Nothing can show more clearly than these directions the high average skill of the Byzantine officer. Leo himself was not a man of any great ability, and his ‘Tactica’ are intended to codify an existing military art, rather than to construct a new one. Yet still the book is one whose equal could not have been written in Western Europe before the sixteenth century. One of its most striking points is the utter difference of its tone from that of contemporary feeling in the rest of Christendom. Of chivalry there is not a spark in the Byzantine, though professional pride is abundantly shown. Courage is regarded as one of the requisites necessary for obtaining success, not as the sole and paramount virtue of the warrior. Leo considers a campaign successfully concluded without a great battle as the cheapest and most satisfactory consummation in war. He has no respect for the warlike ardour which makes men eager to plunge into the fray: it is to him rather a characteristic of the brainless barbarian, and an attribute fatal to any one who makes any pretension to generalship. He shows a strong predilection for stratagems, ambushes, and simulated retreats. For an officer who fights without having first secured all the advantages to his own side, he has the greatest contempt. It is with a kind of intellectual pride that he gives instructions how parlementaires are to be sent to the enemy without any real object except that of spying out the number and efficiency of his forces. He gives, as a piece of most ordinary and moral advice, the hint that a defeated general may often find time to execute a retreat by sending an emissary to propose a surrender (which he has no intention of carrying out) to the hostile commander[46]. He is not above employing the old-world trick of addressing treasonable letters to the subordinate officers of the enemy’s army, and contriving that they should fall into the hands of the commander-in-chief, in order that he may be made suspicious of his lieutenants. Schemes such as these are ‘Byzantine’ in the worst sense of the word, but their character must not be allowed to blind us to the real and extraordinary merits of the strategical system into which they have been inserted. The ‘Art of War,’ as understood at Constantinople in the tenth century, was the only scheme of true scientific merit existing in the world, and was unrivalled till the sixteenth century.
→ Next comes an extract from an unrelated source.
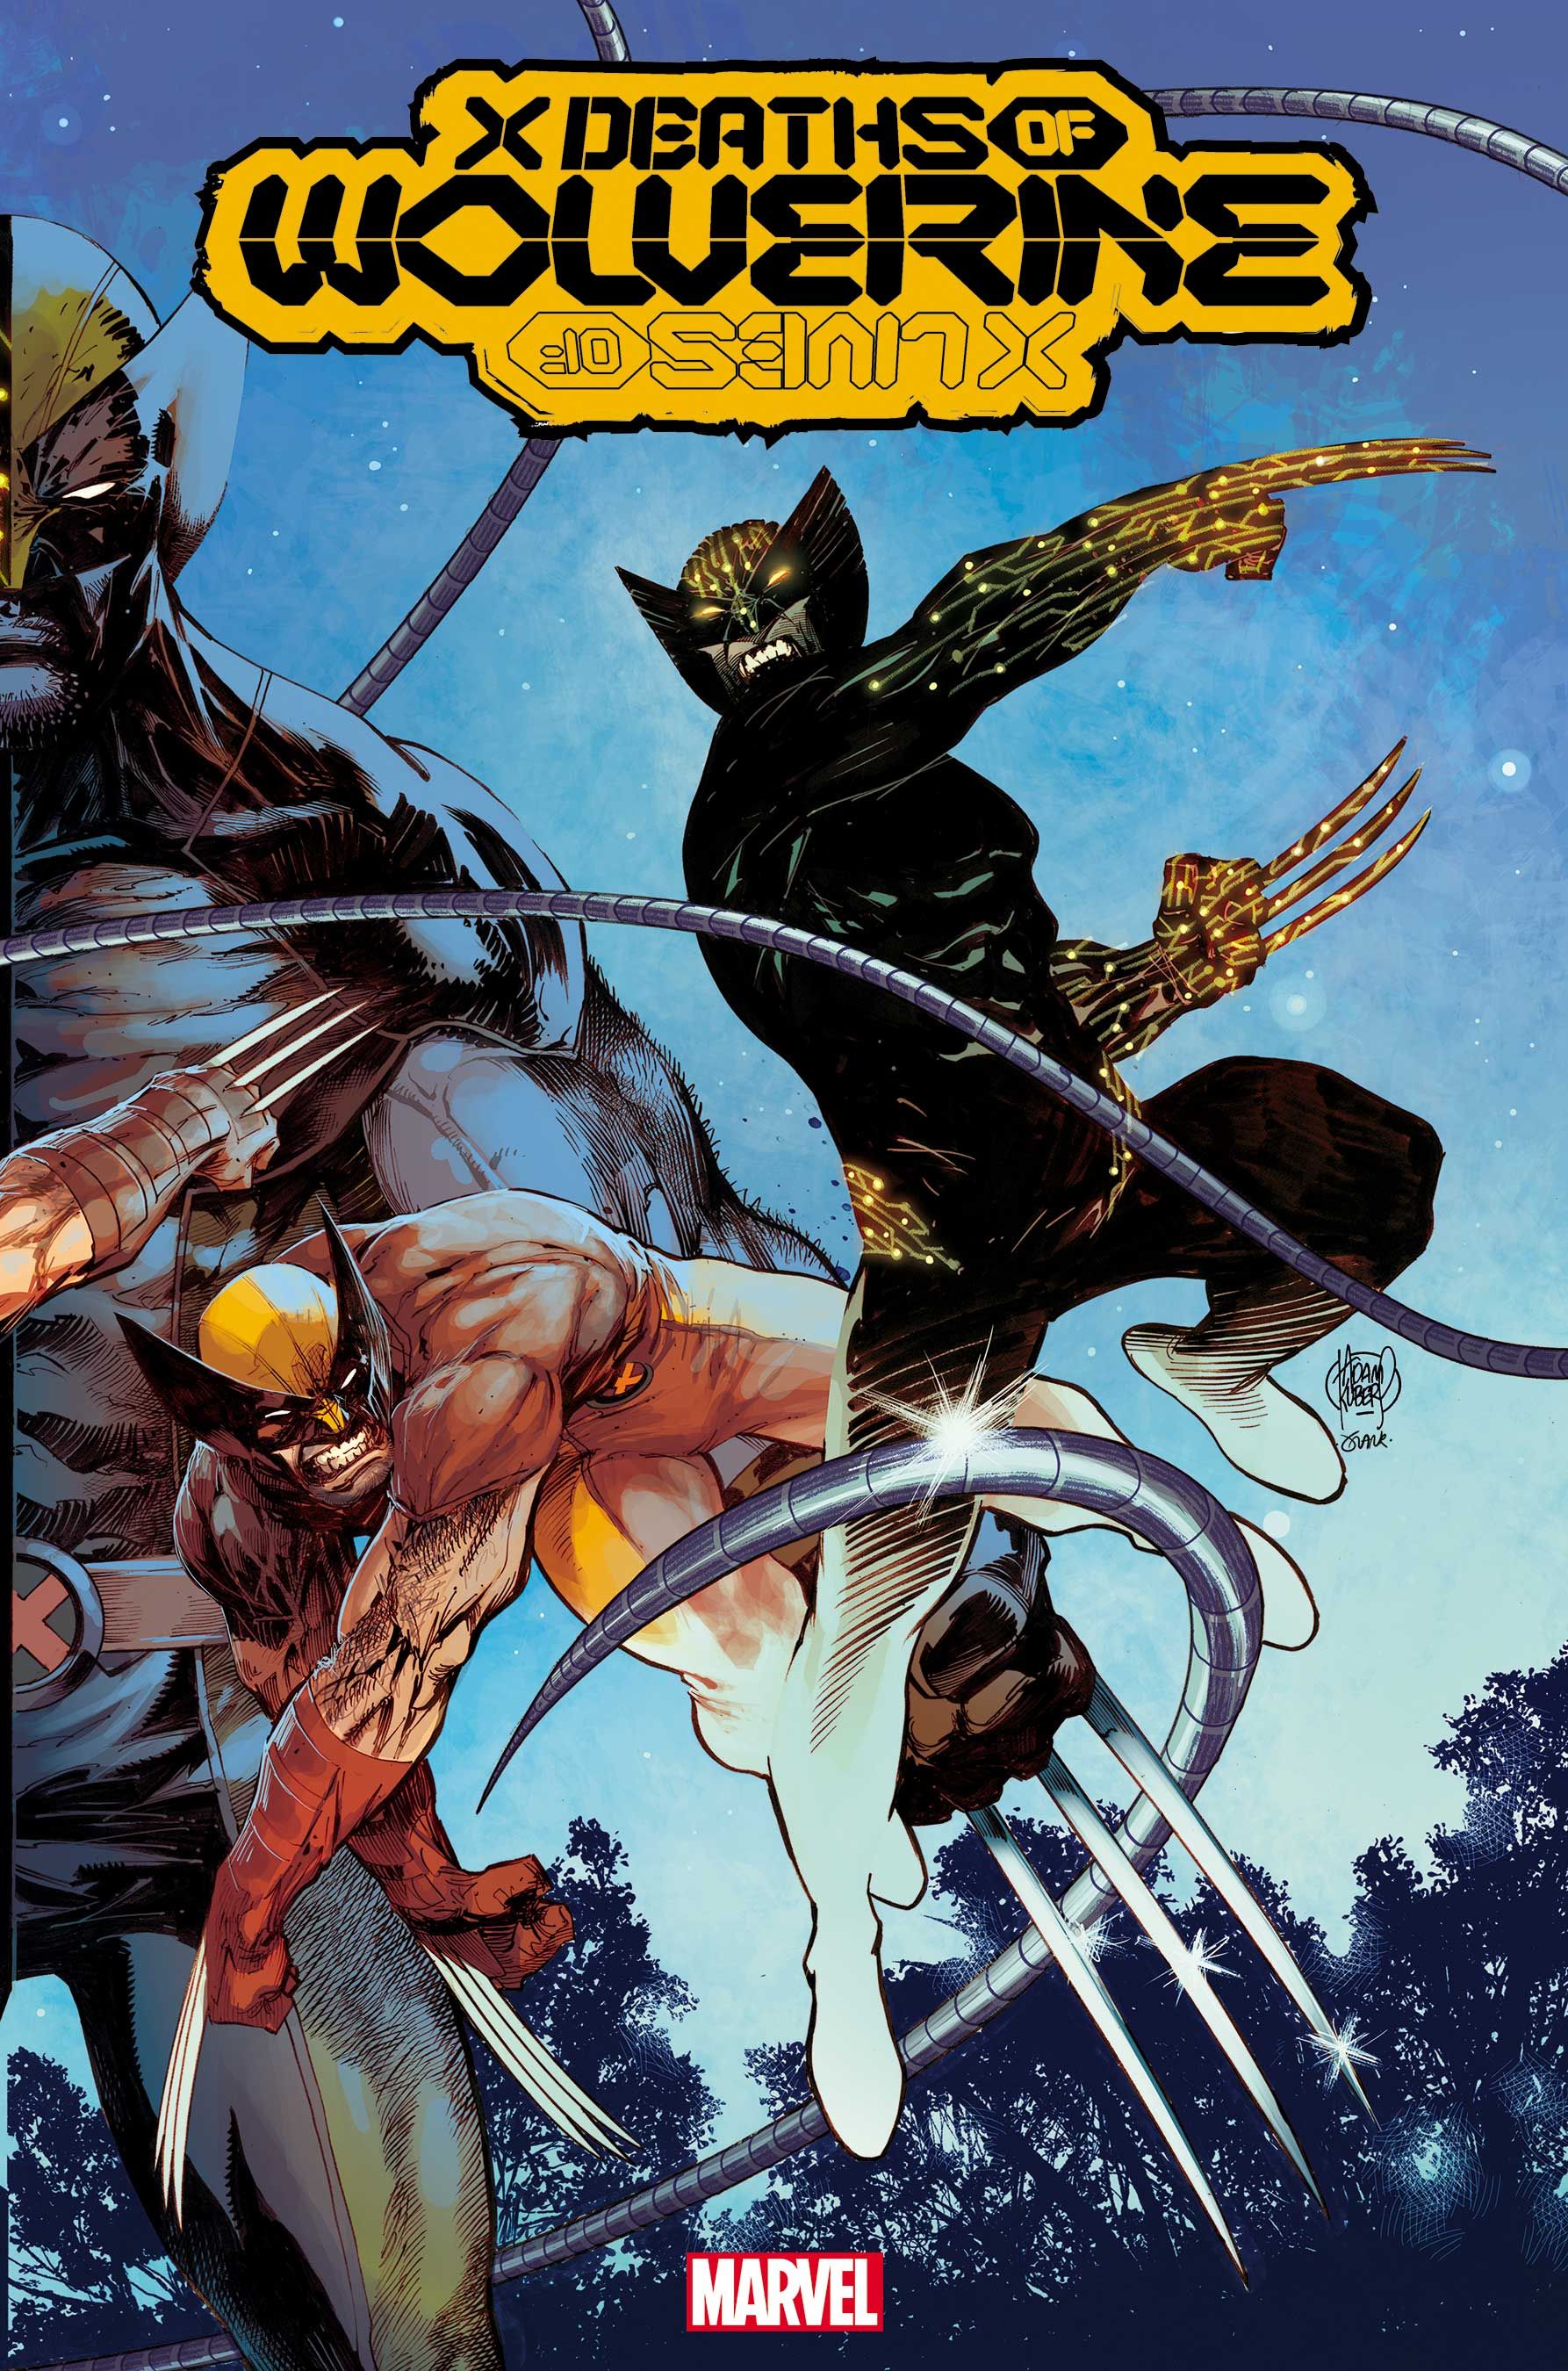 Cover art for X Deaths of Wolverine #5, by Adam Kubert

(2) Arms, Organization and Tactics of the Byzantine Armies.

The Byzantine army may be said to owe its peculiar form to the Emperor Maurice, a prince whose reign is one of the chief landmarks in the history of the lower empire[47]. The fortunate preservation of his ‘Stratêgikon’ suffices to show us that the reorganization of the troops of the East was mainly due to him. Contemporary historians also mention his reforms, but without descending to details, and inform us that, though destined to endure, they won him much unpopularity among the soldiery. Later writers, however, have erroneously attributed these changes to the more celebrated warrior Heraclius[48], the prince who bore the Roman standards further than any of his predecessors into the lands of the East. In reality, the army of Heraclius had already been reorganized by the worthy but unfortunate Maurice.
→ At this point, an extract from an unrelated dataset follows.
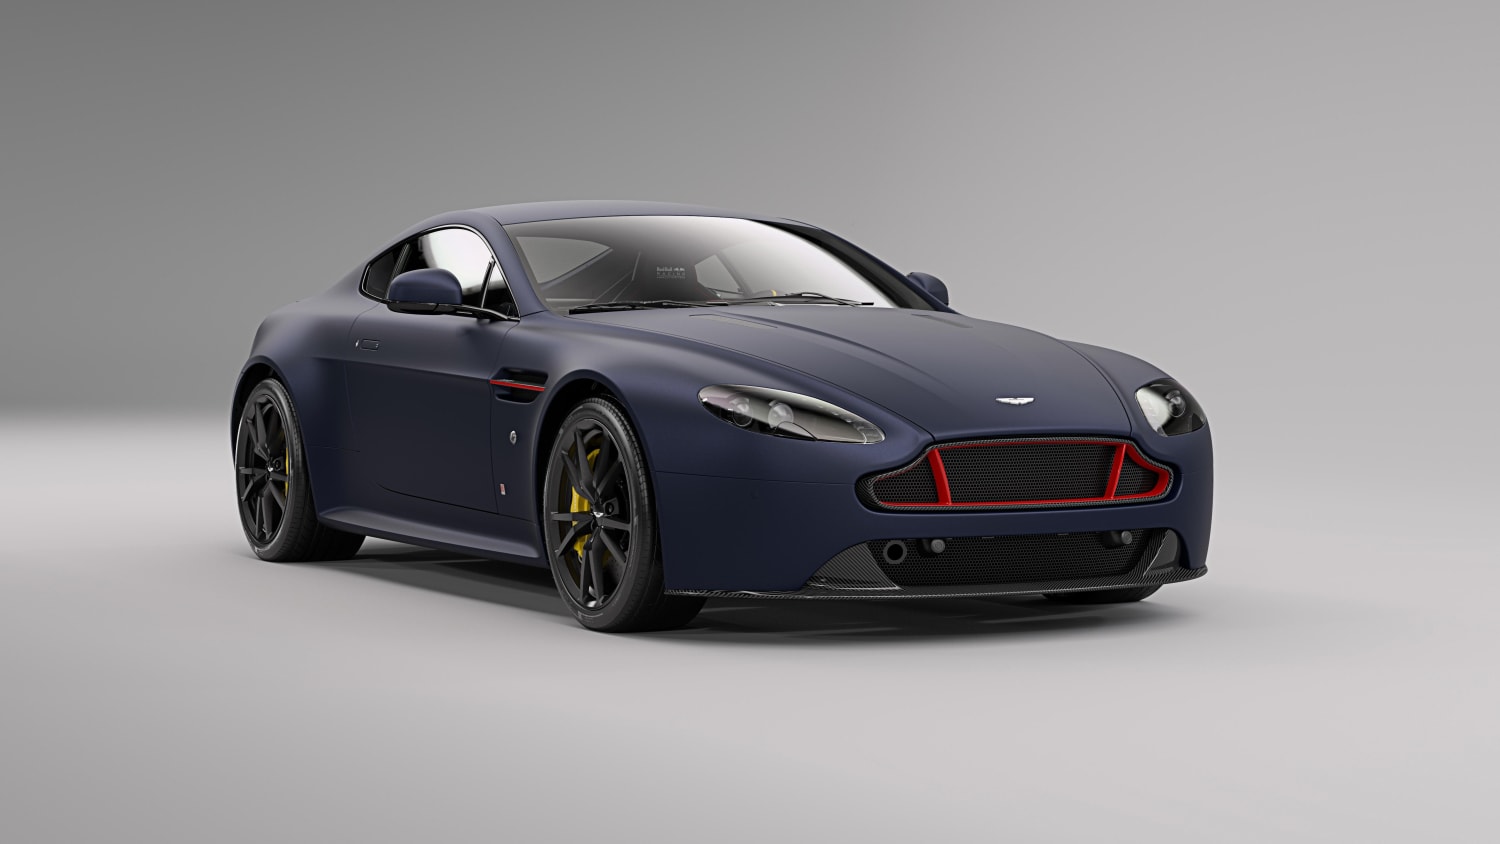 Red Bull Racing and Aston Martin special editions

The most important of Maurice’s alterations was the elimination of that system somewhat resembling the Teutonic ‘comitatus,’ which had crept from among the Foederati into the ranks of the regular Roman army. The loyalty of the soldier was secured rather to the emperor than to his immediate superiors, by making the appointment of all officers above the rank of centurion a care of the central government. The commander of an army or division had thus no longer in his hands the power and patronage which had given him the opportunity of becoming dangerous to the state. The men found themselves under the orders of delegates of the emperor, not of quasi-independent authorities who enlisted them as personal followers rather than as units in the military establishment of the empire.